For your example: suppose you have implemented an add function for your fancy new data type (perhaps it's a crazy vector/tensor thing, whatever).
Here are some properties that you might want to check:
a + b == b + a
a + (b + c) = (a + b) + c
a + (-a) == 0
For all a and b and c, and assuming that these properties are actually supposed to hold in your domain, and that you have an additive inverse (-). Eg many of them don't hold for floating point numbers in general, so it's good to note that down explicitly.
Depending on your domain (eg https://en.wikipedia.org/wiki/Tropical_semiring), you might also have idempotence in your operation, so a + b + b = a + b is also a good one to check, where it applies.
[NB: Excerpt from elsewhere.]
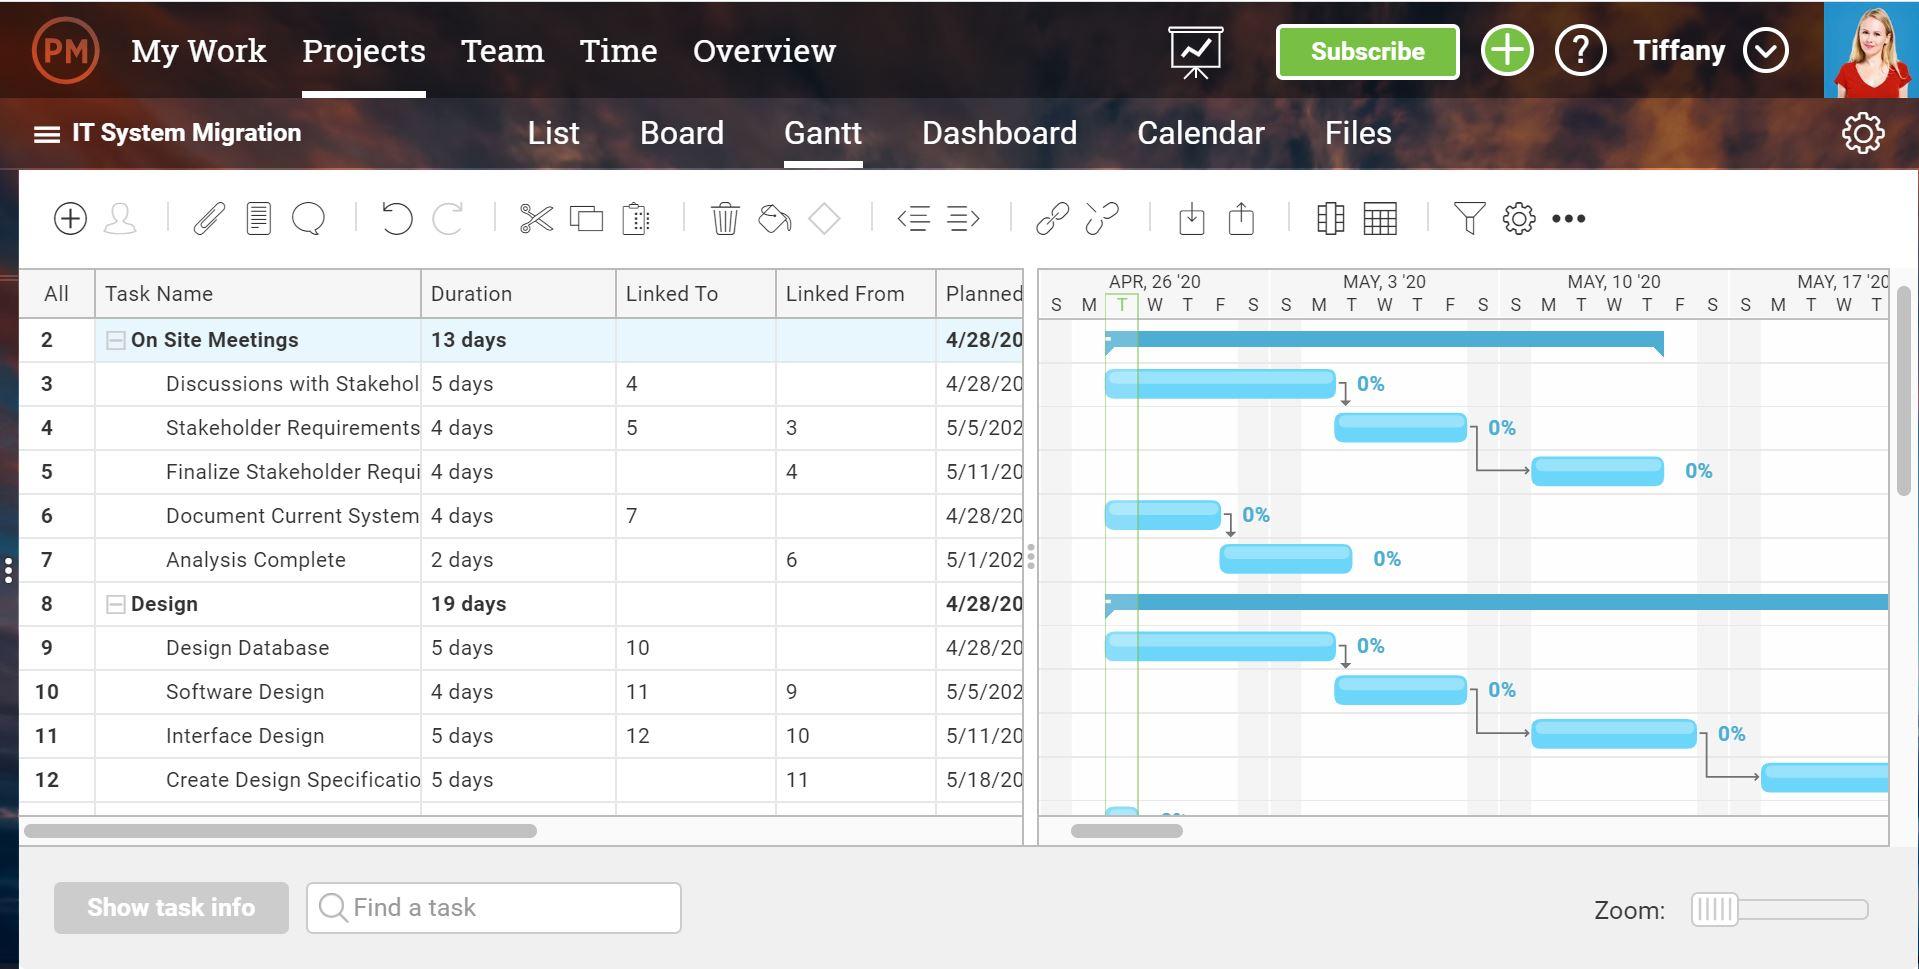 Una captura de pantalla del creador de diagramas de Gantt con dependencias de tareas

You can also have an alternative implementation that only works for some classes of cases. Or sometimes it's easier to prepare a challenge than to find it, eg you can randomly move around in a graph quite easily, and you can check that your A* algorithm you are working on finds a route that's at most as long as the number of random steps you took.
> 2. Despite some anecdata in the comments here, the chances are slim that this approach will find edge cases that you couldn't think of. You basically just give up and leave edge case finding to chance. Testing for 0 or -1 or 1-more-than-list-length are obvious cases which both you the human test writer and some test framework can easily generate, and they are often actual edge cases. But what really constitutes an edge case depends on your implementation. [...]
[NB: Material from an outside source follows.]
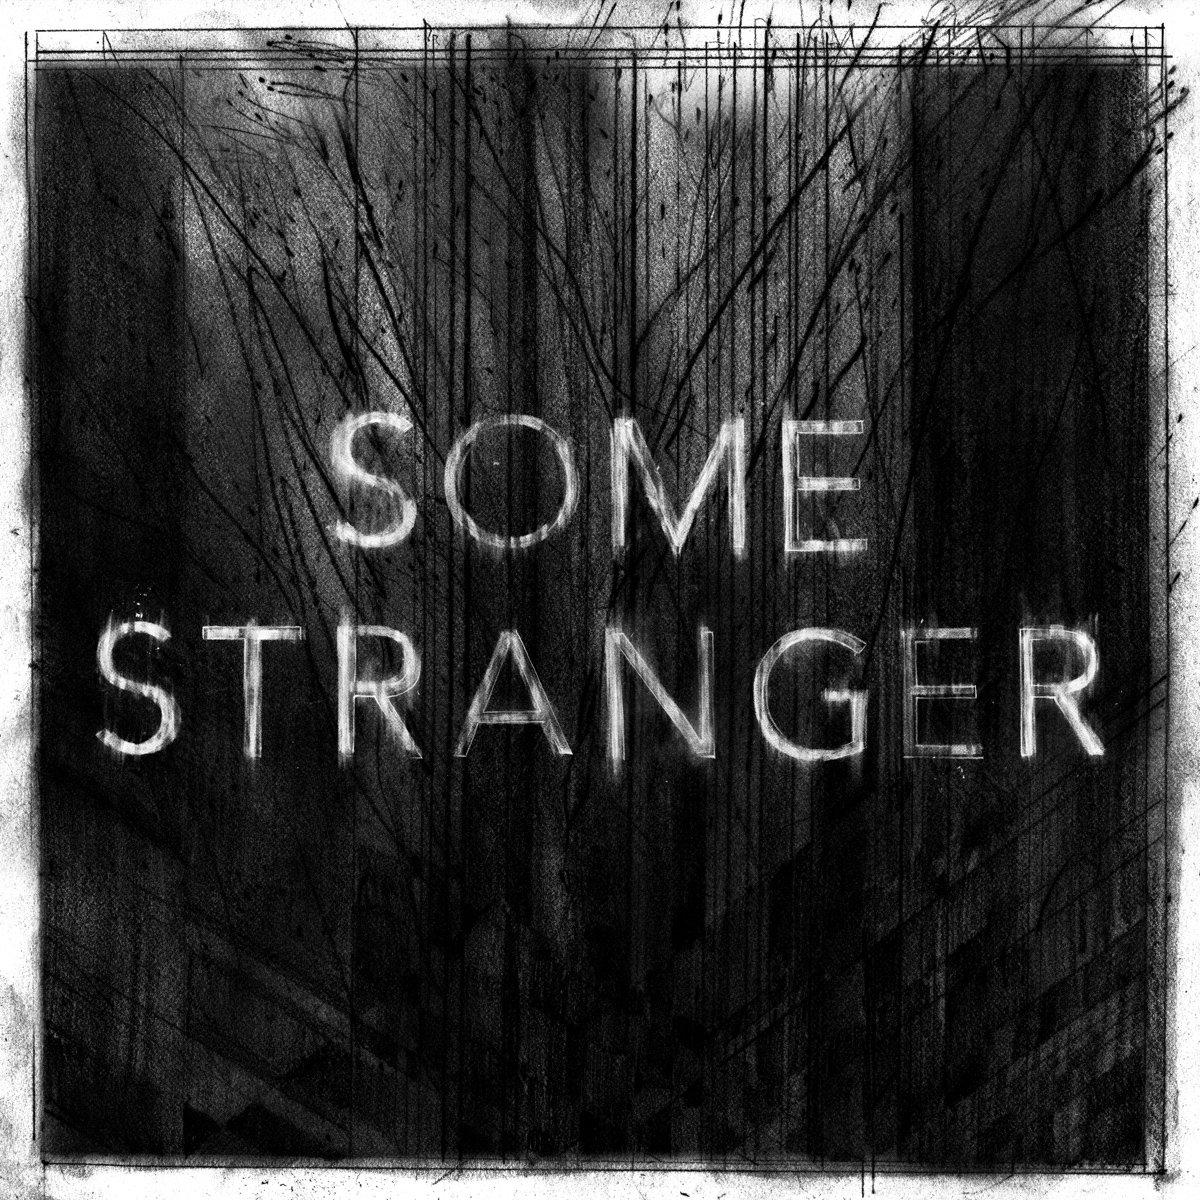 Some Stranger - S/T 12

You'd be surprised how often the generic heuristics for edge cases actually work and how often manual test writers forget that zero is also a number, and how often the lottery does a lot of the rest.
Having said this: Python's Hypothesis is a lot better at its heuristics for these edge cases than eg Haskell's QuickCheck.
> a + b == b + a
> a + (b + c) = (a + b) + c
> a + (-a) == 0
Great! Now I have a stupid bug that always returns 0, so these all pass, and since I didn't think about this case (otherwise I'd not have written that stupid bug in the first place), I didn't add a property about a + b only being 0 if a == -b and boom, test is happy, and there is nothing that the framework can do about it.
Coming up with those properties is hard for real life code and my main gripe with formal methods based approaches too, like model checking or deductice proofs. They move the bugs from the (complicated) code to the list of properties, which ends up just as complicated and error prone, and is entirely un...tested.
Contrast that with an explicit dead-simple test. Test code doesn't have tests. It needs to be orders of magnitudes simpler than the system it's testing. Its correctness must be obvious. Yes, it is really hard to write a good test. So hard that it should steer how you architect your system under test and how you write code. How can I test this to have confidence that it's correct? That must be a guiding principle from the first line of code. Just doing this as an afterthought by playing lottery and trying to come up with smart properties after the fact is not going to get you the best outcome.
For the example it would be easily caught with PBT by testing the left and right identities for addition.
In general though, the advice is don't excessively dogmatic. If you can't devise a property to test, use traditional testing with examples. It's not that hard. Same way to deal with the problem of end-to-end tests or unit tests not being useful for certain things, use the appropriate test style and approach to your problem.